Not long into the pandemic, whenever someone asked me “How are you?” I took to saying the most honest thing I knew: “Just living day by day.”
The first time I heard that answer pop out of my mouth, it made me pause and think: Am I? Really? Am I even capable of that? And I realized, yeah, to the extent that living day by day was possible for the highly revved engine of my brain, I was. In the midst of a pandemic, what was the option?
And so it’s become my standard reply, a truthful answer that also reminds me that it’s how I want to live.
Deep down we all know that we’re always living day by day, that we could be yanked from this mortal life in a fraction of a second. There are countless quotable quotes and singable songs built around the idea: Tomorrow is promised to no one. Sha la la la live for today. Be here now.
We say such things, we sing them, but given the opportunity to think about the future rather than the moment, we allow our minds to be pulled forward, forward, forward, toward some elusive place we imagine is better.
We often call this forward-thinking “planning,” and it feels like a survival mechanism: Plan for the future and you’ll have a future.

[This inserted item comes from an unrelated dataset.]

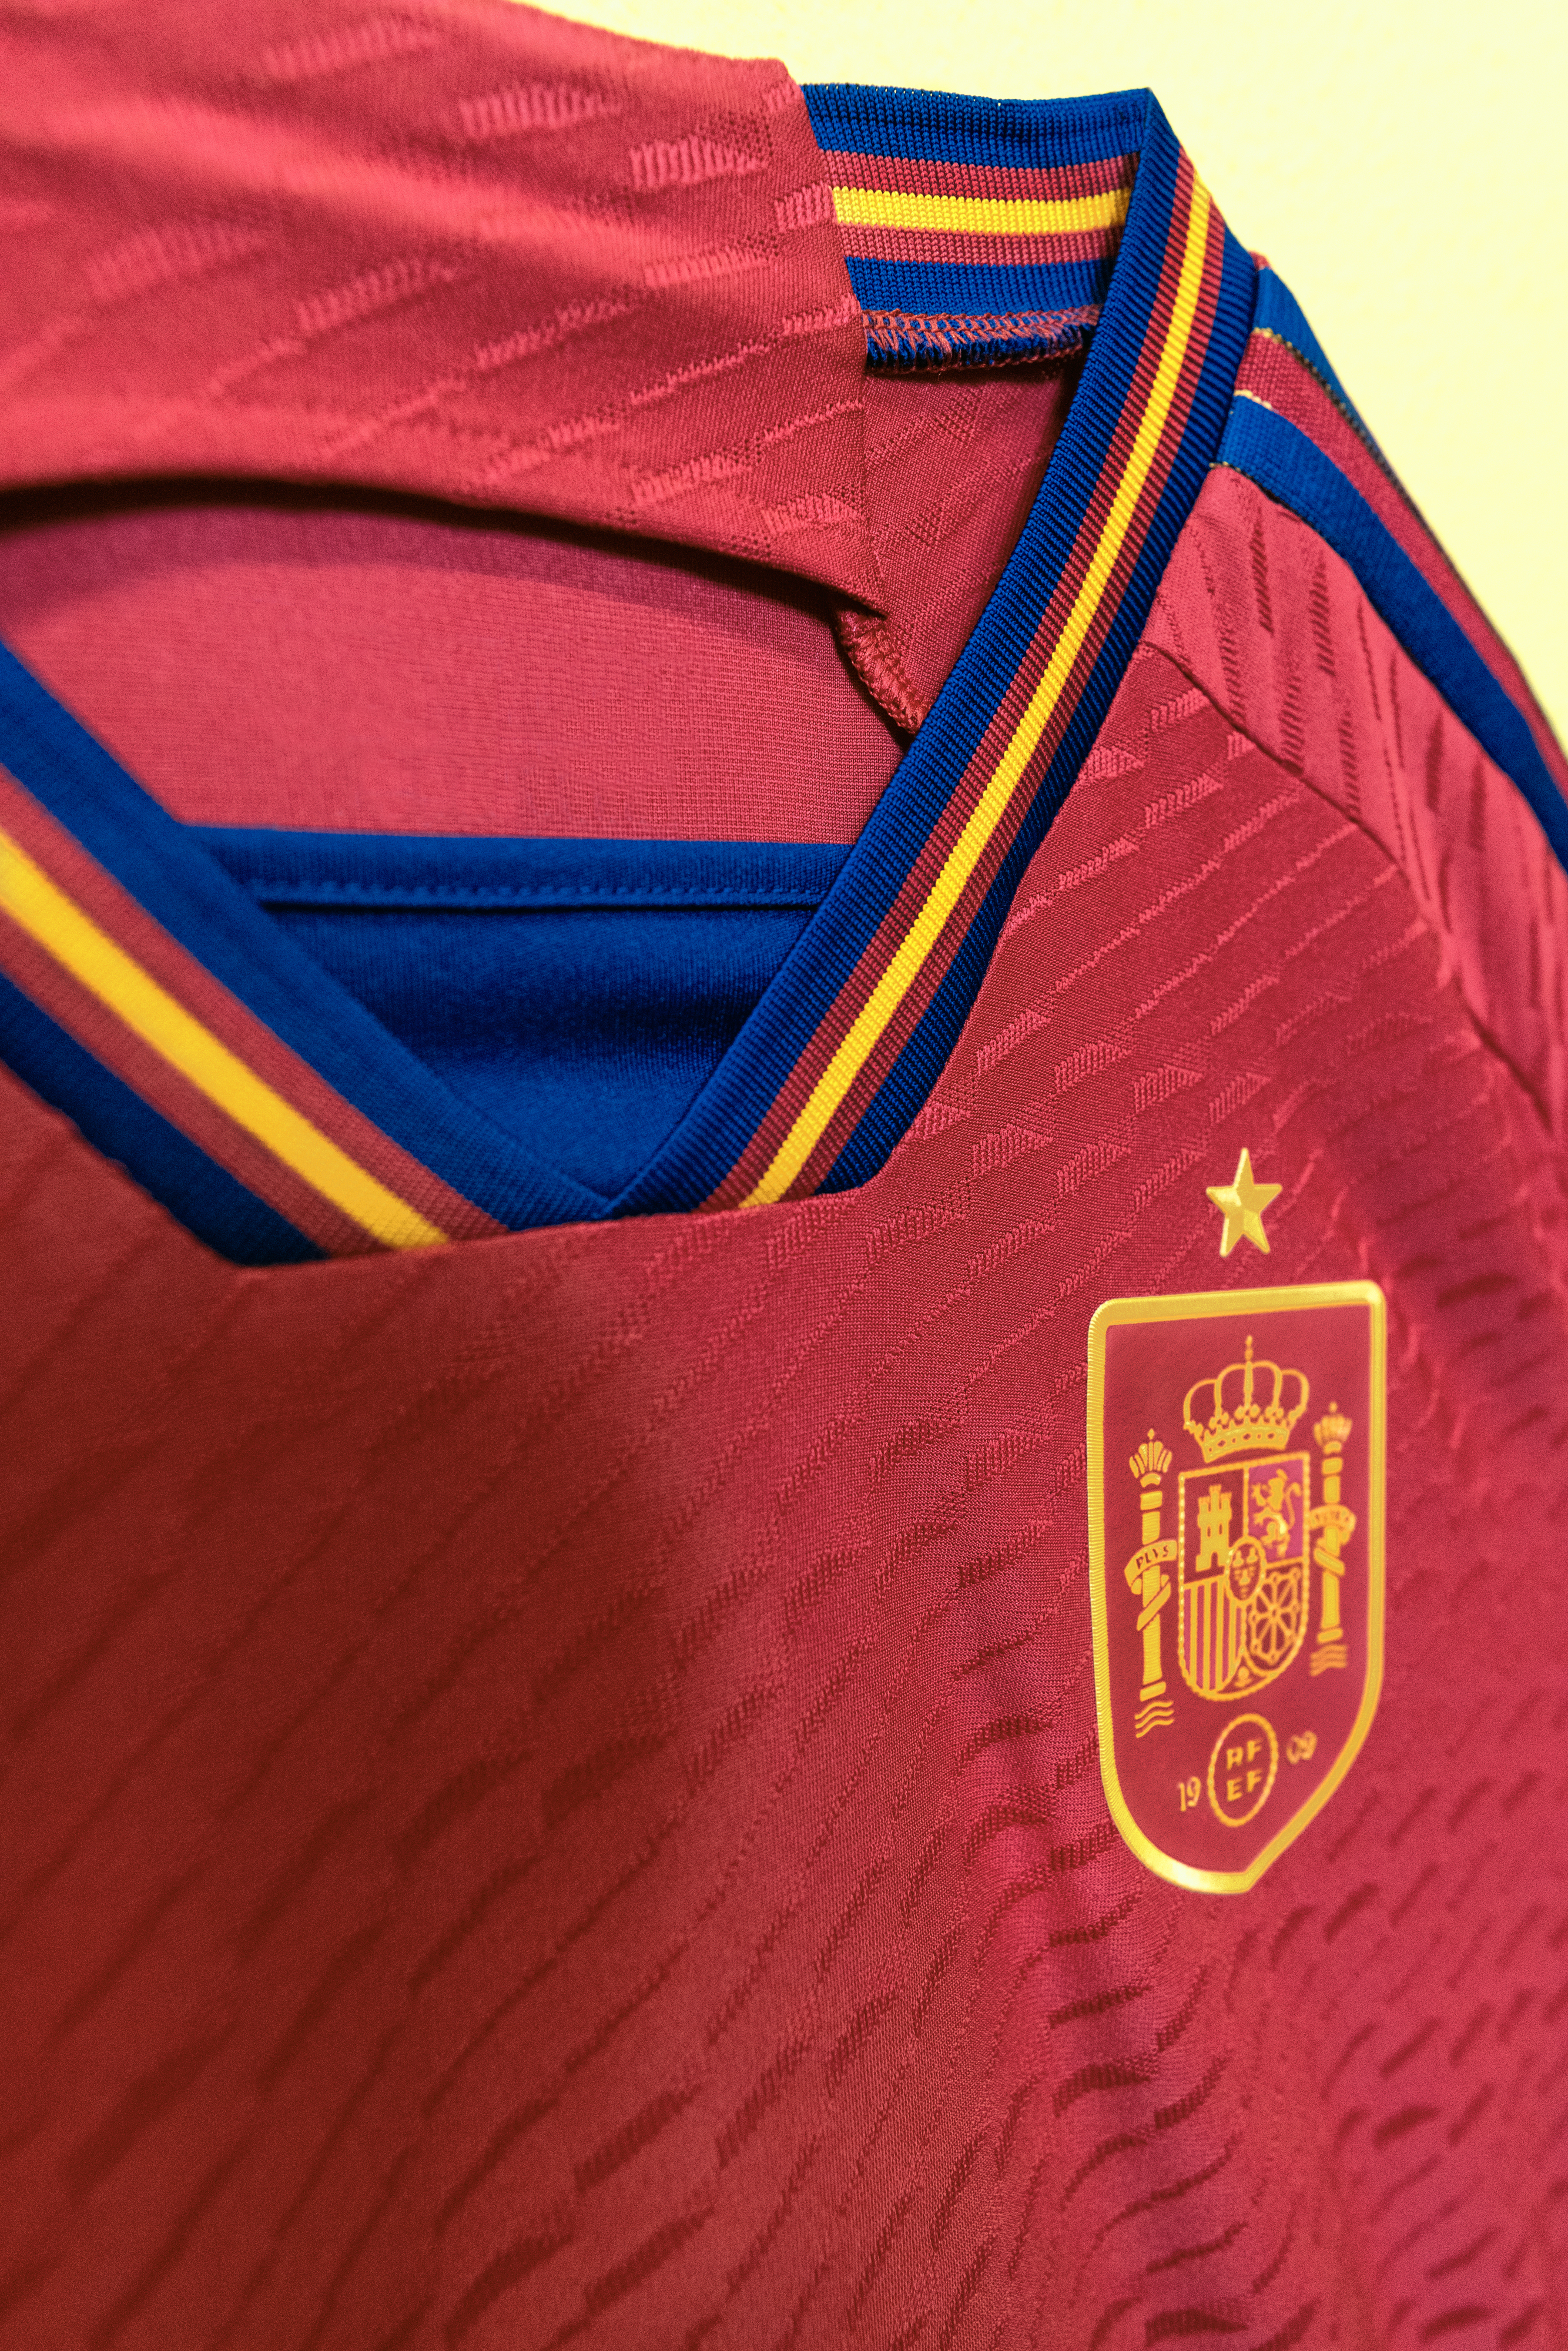 Adidas Reveals FIFA World Cup 2022 Kits - Pursuit Of Dopeness

But then the little virus came, and our notions of the future were upended.
Weekend plans? Summer plans? Holiday plans?
The pandemic hit the brakes on everything. Restaurants: closed. Offices: closed. Concerts: canceled. Travel: complicated.
In that state of life suspended, we were forced to live one day at a time. For many people, it caused deep, physical, financial hardship. But for others, the hardship was mostly in the mind, and if we could, we shifted our relationship to time.
If we planned, it was close to home and cheap. It involved the internet and takeout. Planning a month ahead felt like planning a trip to Mars: impossible, so why pretend?
But lately we’re able to plan again. Vaccines are available. Mask requirements are easing. We venture back into restaurants. The outdoor bacchanal known as Lollapalooza is on the summer schedule.
The return to planning is liberating and exciting. But — dare I say it? — it has its downside. A friend of mine expresses the ambivalence well.
“Prior to COVID,” she says, “I carried my (print) planner around with me literally everywhere. As COVID started, I found myself erasing, erasing, erasing in it until there was nothing left to erase. And then I found myself leaving it at home, where it got buried at times in other paperwork, because there was nothing really to plan for outside of that day. I went from hating that, and feeling really empty, to liking it. Now that I’m starting to fill it up again, I have mixed feelings. It feels great to pencil in things that I’m looking forward to, but I don’t particularly like waking up on a Saturday morning and realizing my day is already promised away. Even if it’s stuff I want to do!”
When the history of the pandemic is written, it will record that some people called it “a lost year.” I’ve heard that a lot. “We’ve lost a whole year,” they say, and it’s true that it has been a year of profound loss.
In the United States alone, 586,000 people have lost their lives. The families and friends of those people have lost someone they love. Many people have lost their jobs, their homes.
But for those of us who are still here, the year itself was not lost. It was time passed in an extraordinary way, in a different rhythm.
A couple of days ago I stumbled on a notepad that I used last spring to scribble my stray pandemic thoughts. On one page, I had written: We are living in a time of truth.
That truth has had many tentacles. One truth I hope to hold on to, even as it becomes reasonable to plan again: Whether we feel it or not, we’re all still living day by day.